Focusing on the patients he described as the "toughest of the tough" -- genotype 3 prior non-responders with cirrhosis -- the cure rate rose from just 47% for sofosbuvir plus ribavirin taken for 16 weeks to 86% for the interferon-containing regimen taken for 12 weeks. All other subgroups had SVR12 rates above 80% using the interferon-free dual regimen for 24 weeks, confirming that this is the preferred duration for difficult-to-treat patients.

The short interferon-containing regimen in this study was "by and large very well-tolerated," Foster said. This surprisingly good tolerability may be attributable to its short duration.

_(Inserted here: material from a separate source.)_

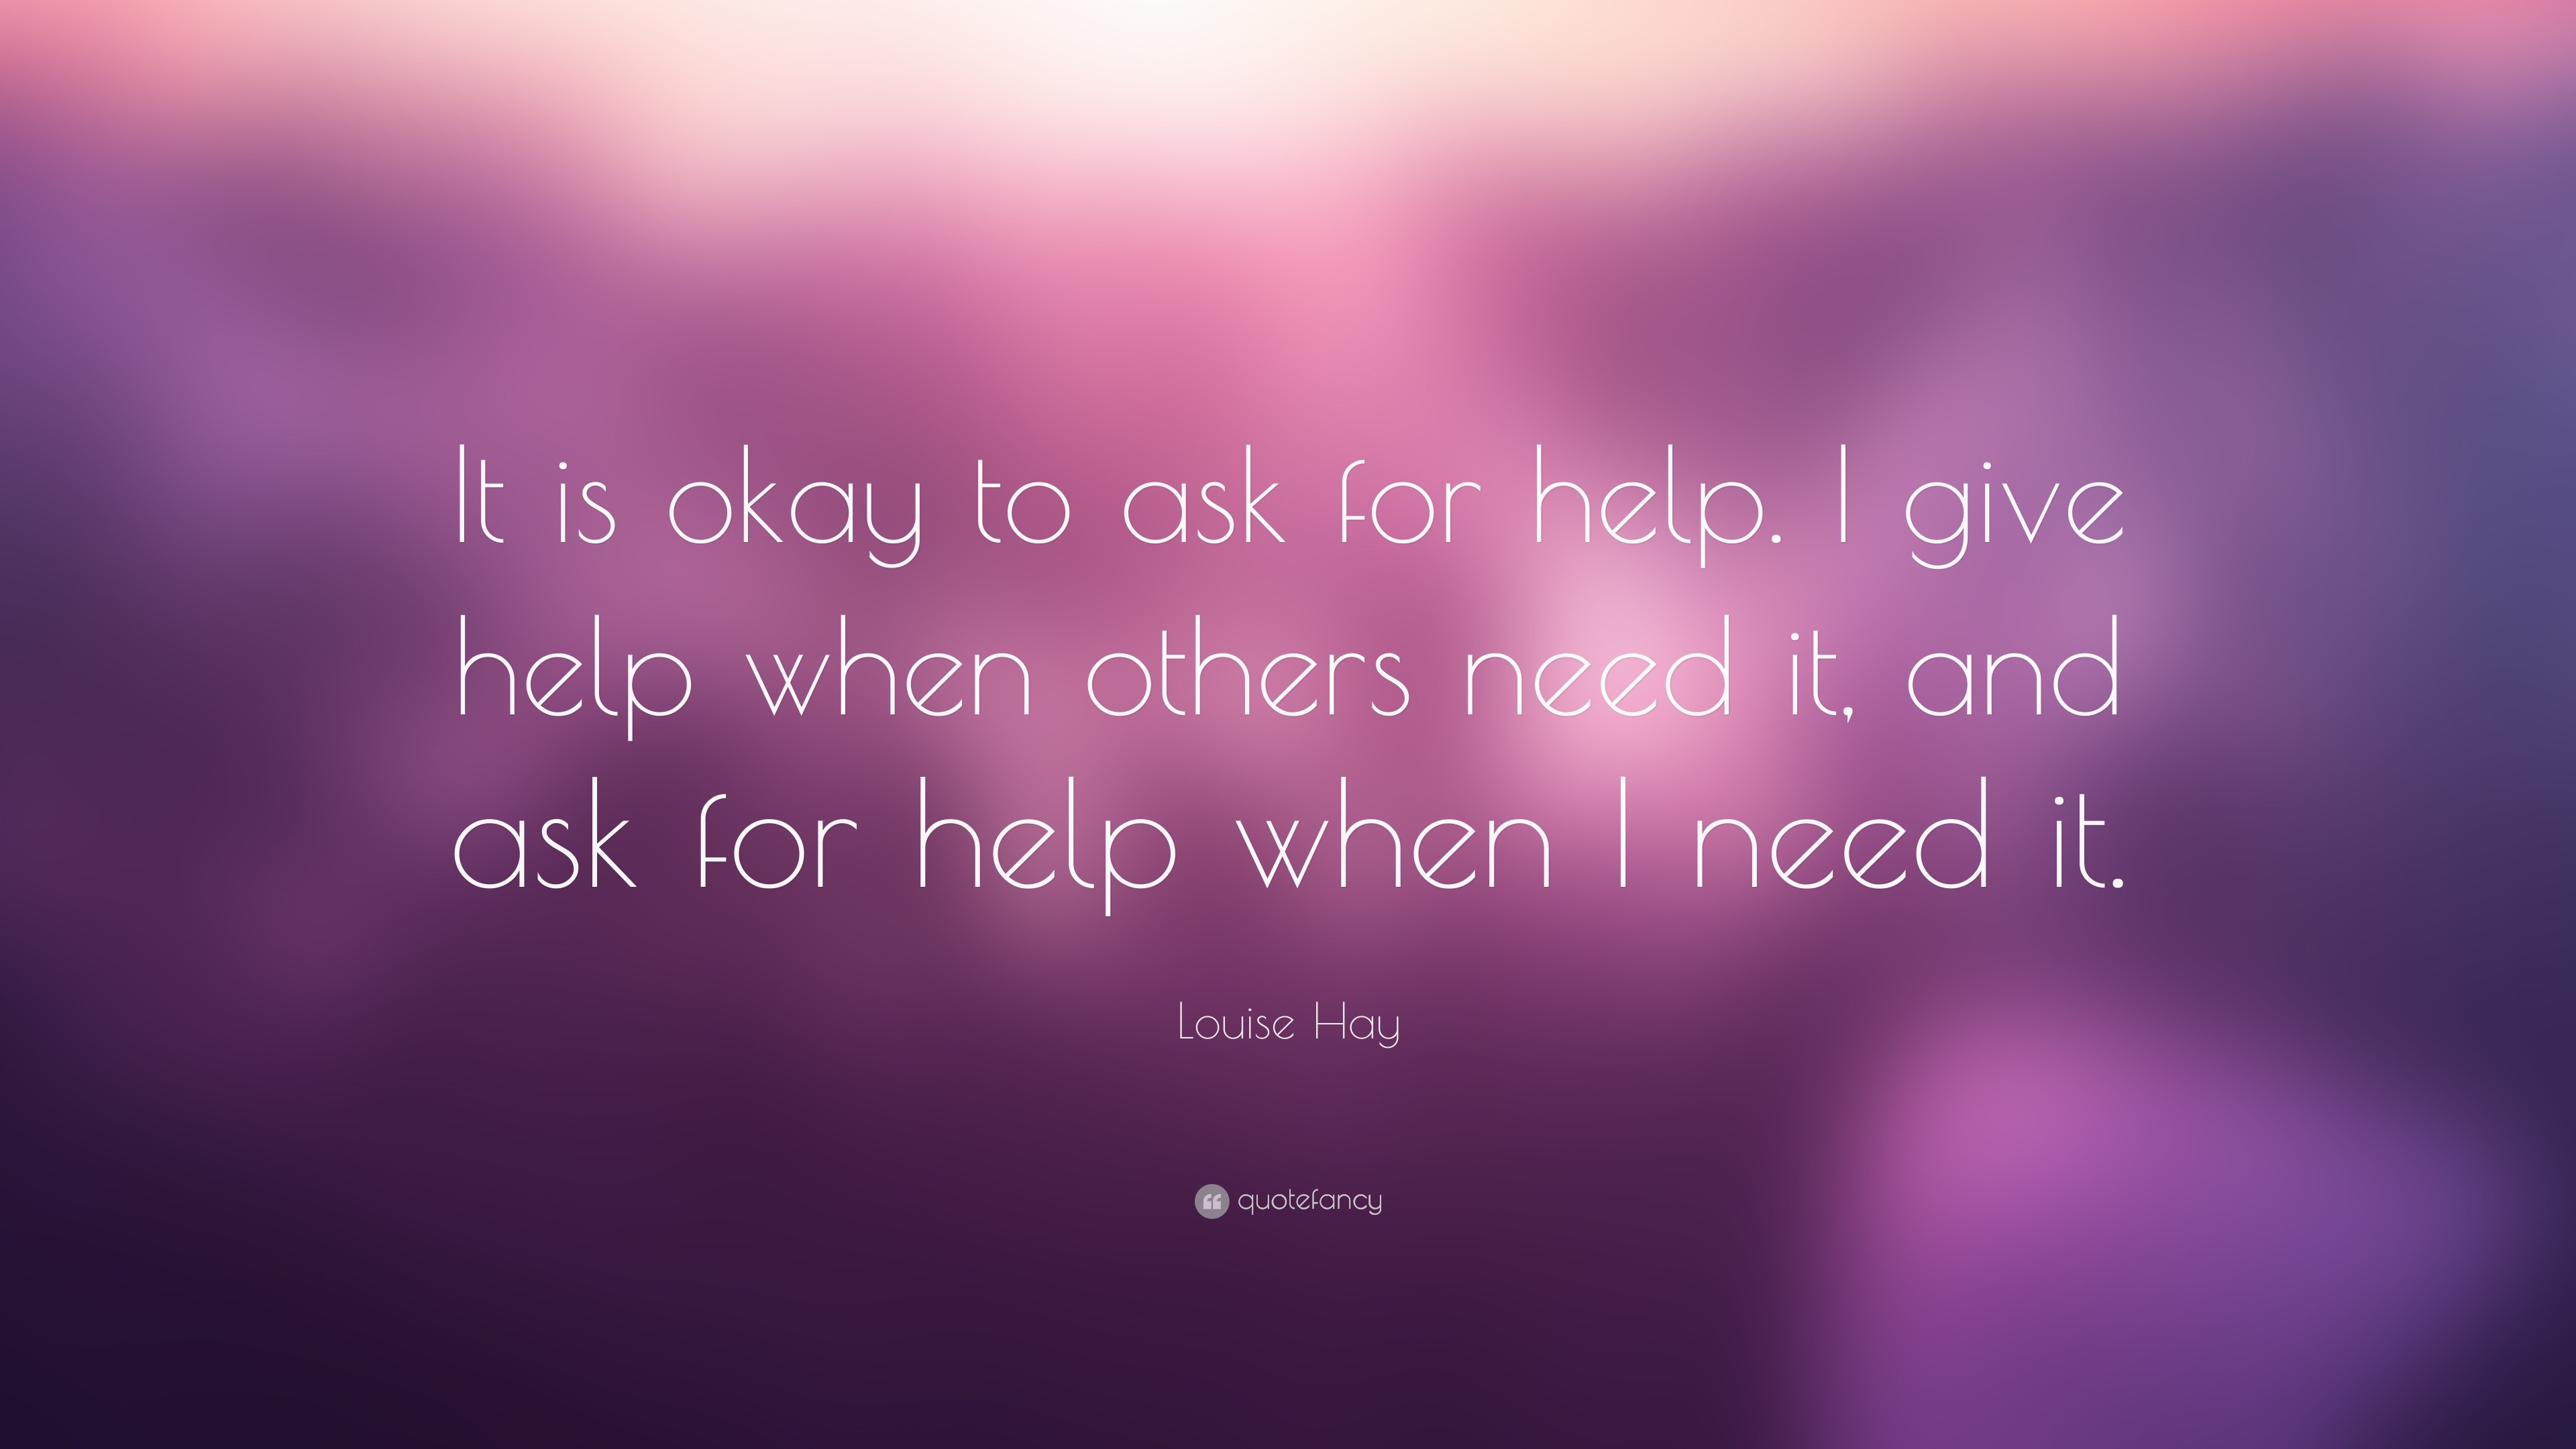 1788621 Louise Hay Quote It is okay to ask for help I give help when

Before the advent of direct-acting antivirals the usual course of pegylated interferon/ribavirin was 24 weeks for HCV genotypes 2 and 3 or 48 weeks for genotypes 1 and 4.

While most hepatitis C patients and providers seek to avoid interferon-containing therapy in the direct-acting antiviral era, Foster said that "interferon may still have a role to play" in niche patient populations.

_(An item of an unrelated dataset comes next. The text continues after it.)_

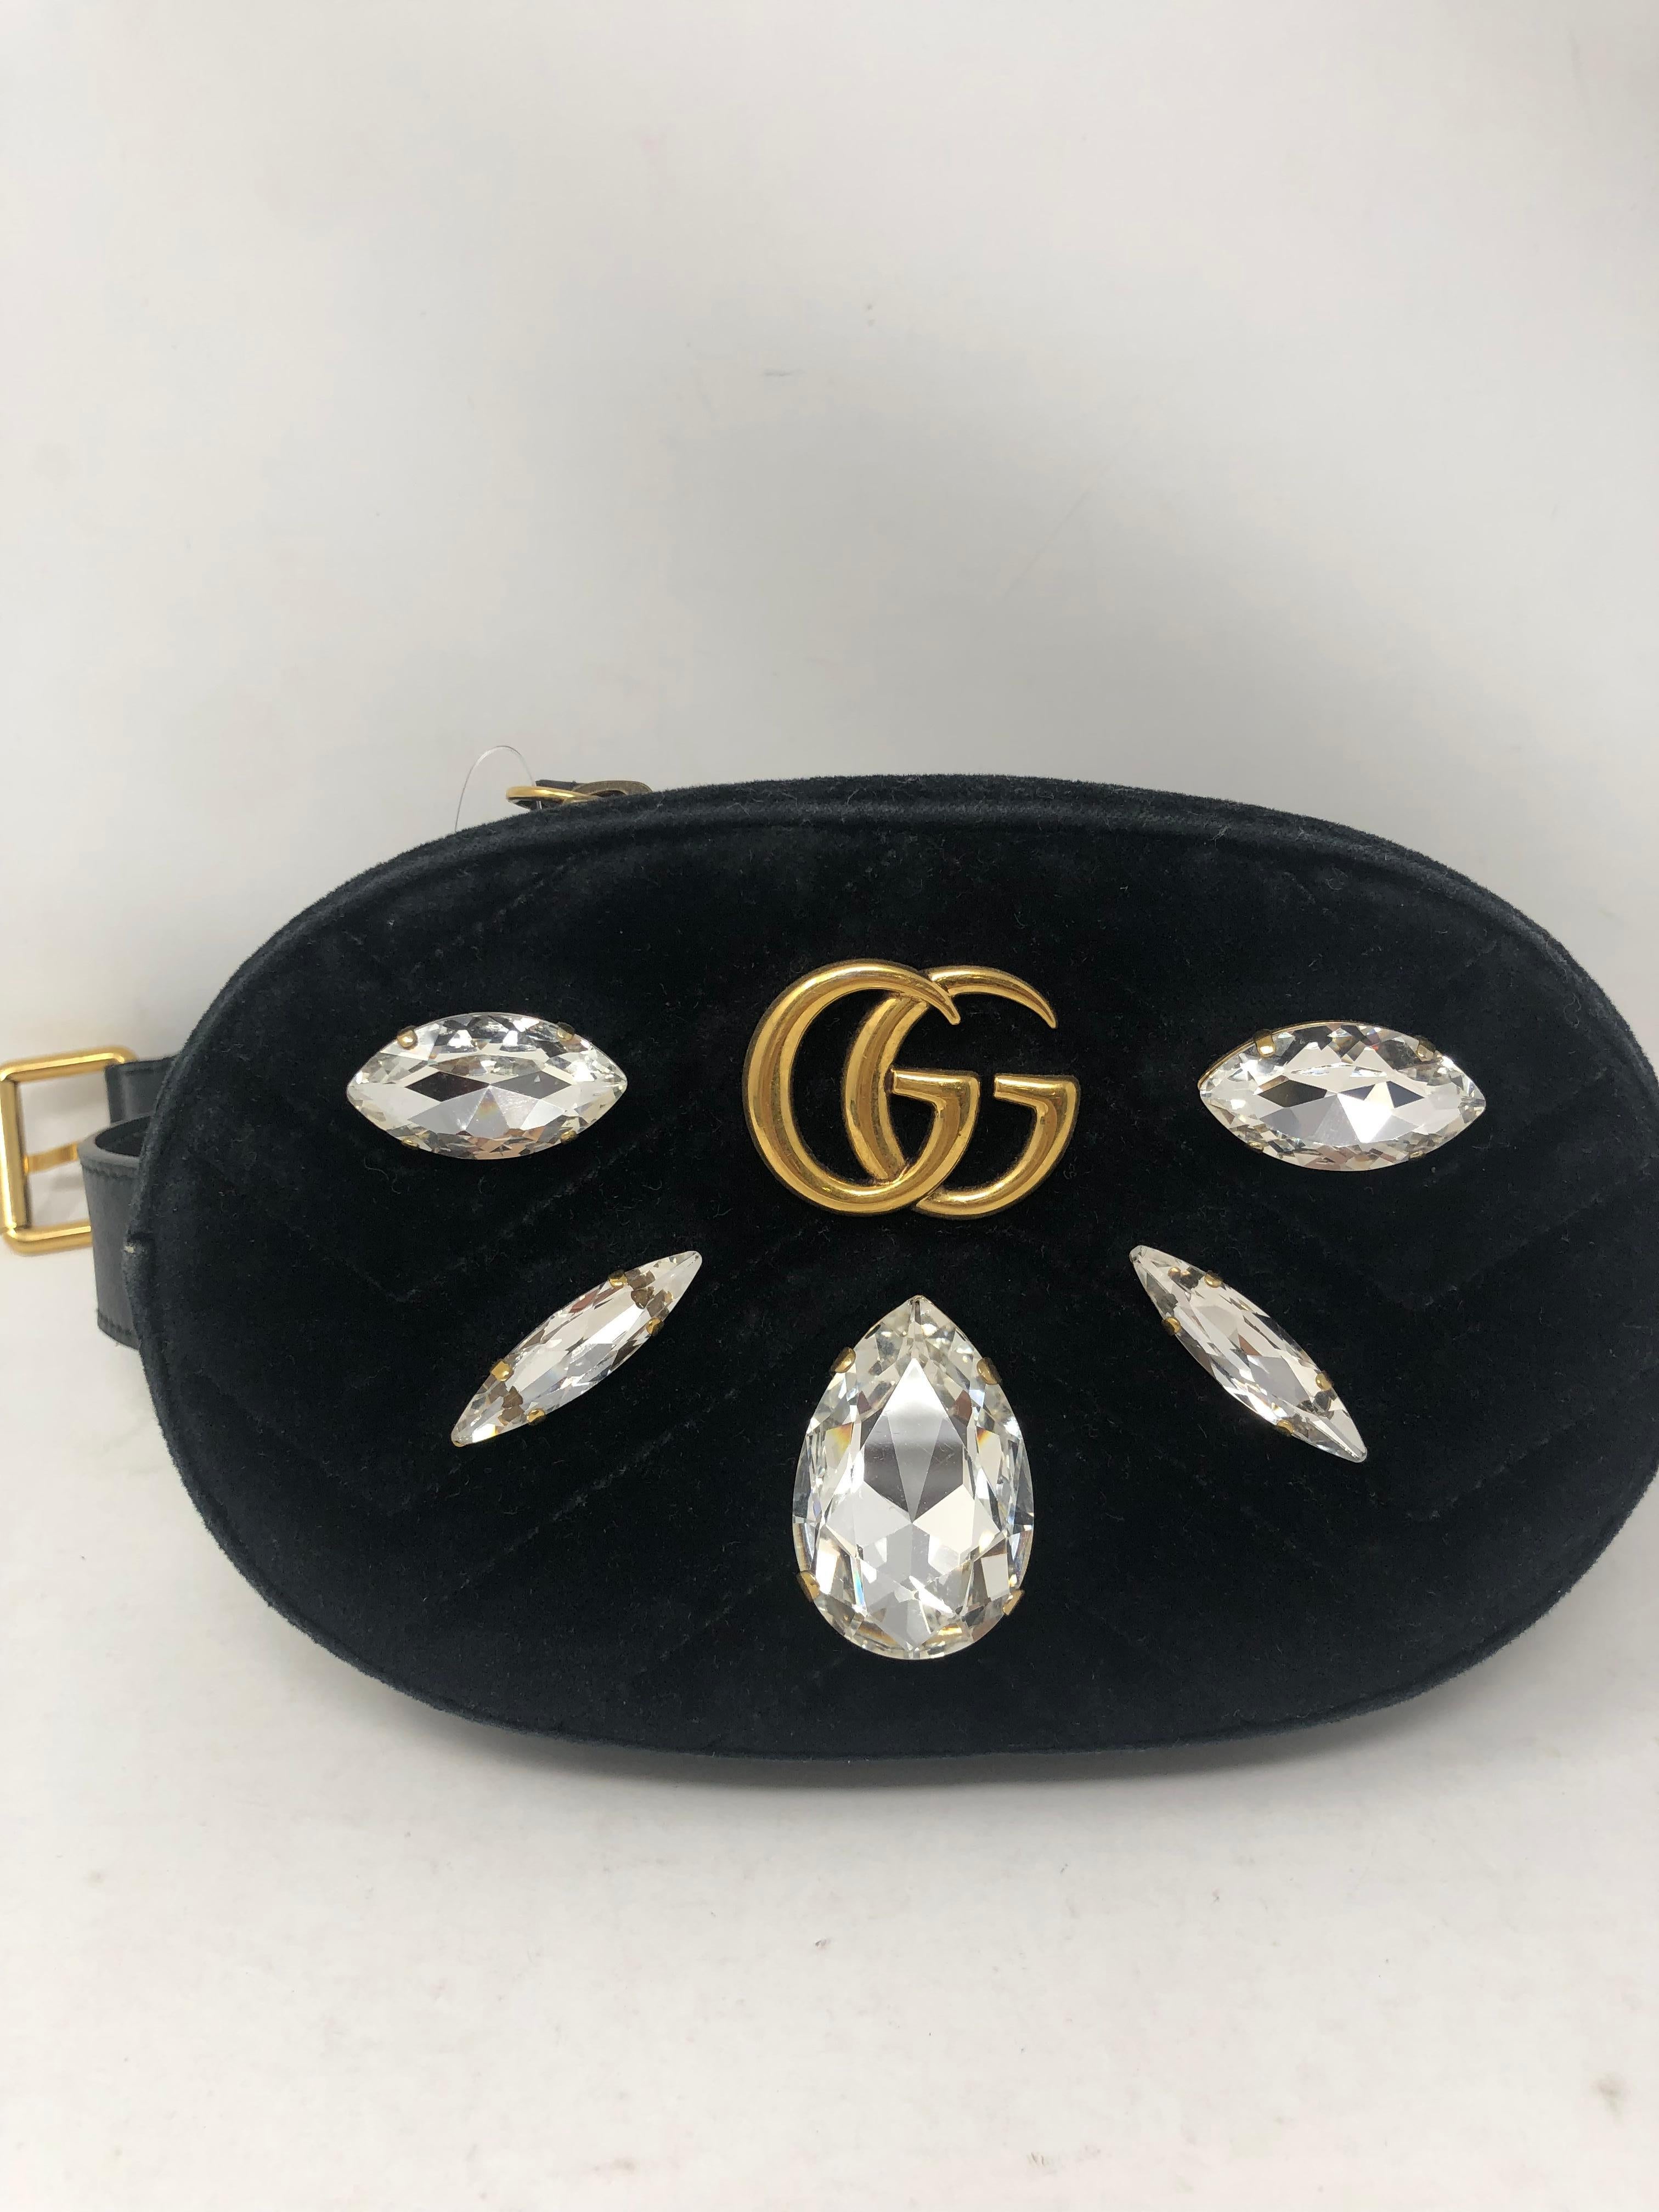 Gucci Black Velvet Crystals Bum Bag. Crystals on black velvet and leather fanny pack. Can be worn across the body too. In style, this versatile look is seen on runways. Limited and has been worn. Has some wear on corners and small dirt stains inside

"I don't think any of us are happy going back to interferon and ribavirin, but these are patients who can't wait for the next generation [of antivirals]," he said. "It is an interim solution -- I don't think any of us are pretending this is a prefect long-term option."

Asked about using sofosbuvir/ledipasvir (Harvoni) for this patient population, Foster explained that ledipasvir "doesn't have much activity" against HCV genotype 3. Sofosbuvir plus Bristol-Myers Squibb's HCV NS5A inhibitor daclatasvir (Daklinza) is a potential interferon-free alternative. Gilead Sciences, which produces sofosbuvir and Harvoni, is also working on a pangenotypic NS5A inhibitor (GS-5816) with more potent activity against genotype 3.

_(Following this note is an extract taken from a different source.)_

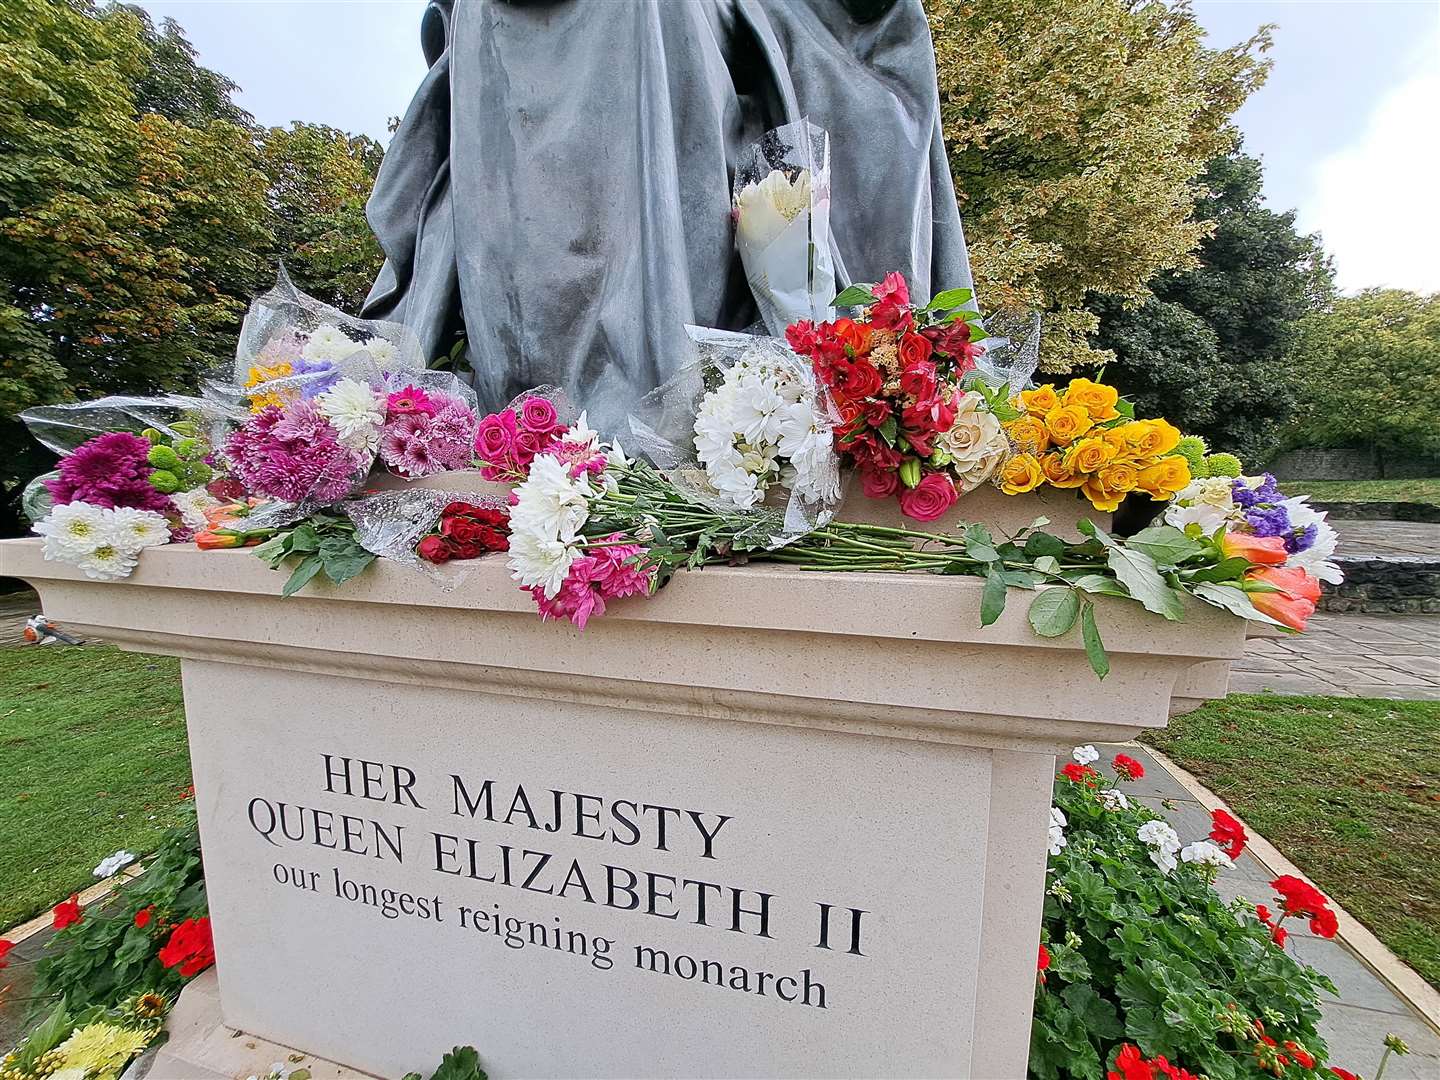 Residents have placed flowers on the Queen Elizabeth II statue in St Andrew's Gardens, Gravesend

GR Foster, S Pianko, C Cooper, K Agarwal, et al. Sofosbuvir + peginterferon/ribavirin for 12 weeks vs sofosbuvir + ribavirin for 16 or 24 weeks in genotype 3 HCV infected patients and treatment-experienced cirrhotic patients with genotype 2 HCV: the BOSON study. 2015 International Liver Congress: 50th Annual Meeting of the European Association for the Study of the Liver (EASL). Vienna, April 22-26, 2015. Abstract L05.

Other Source

Gilead Sciences. Gilead Announces Results From Studies Evaluating Sofosbuvir-Based Regimens in Chronic Hepatitis C Patients With Genotypes 2-5. Press release. April 25, 2015.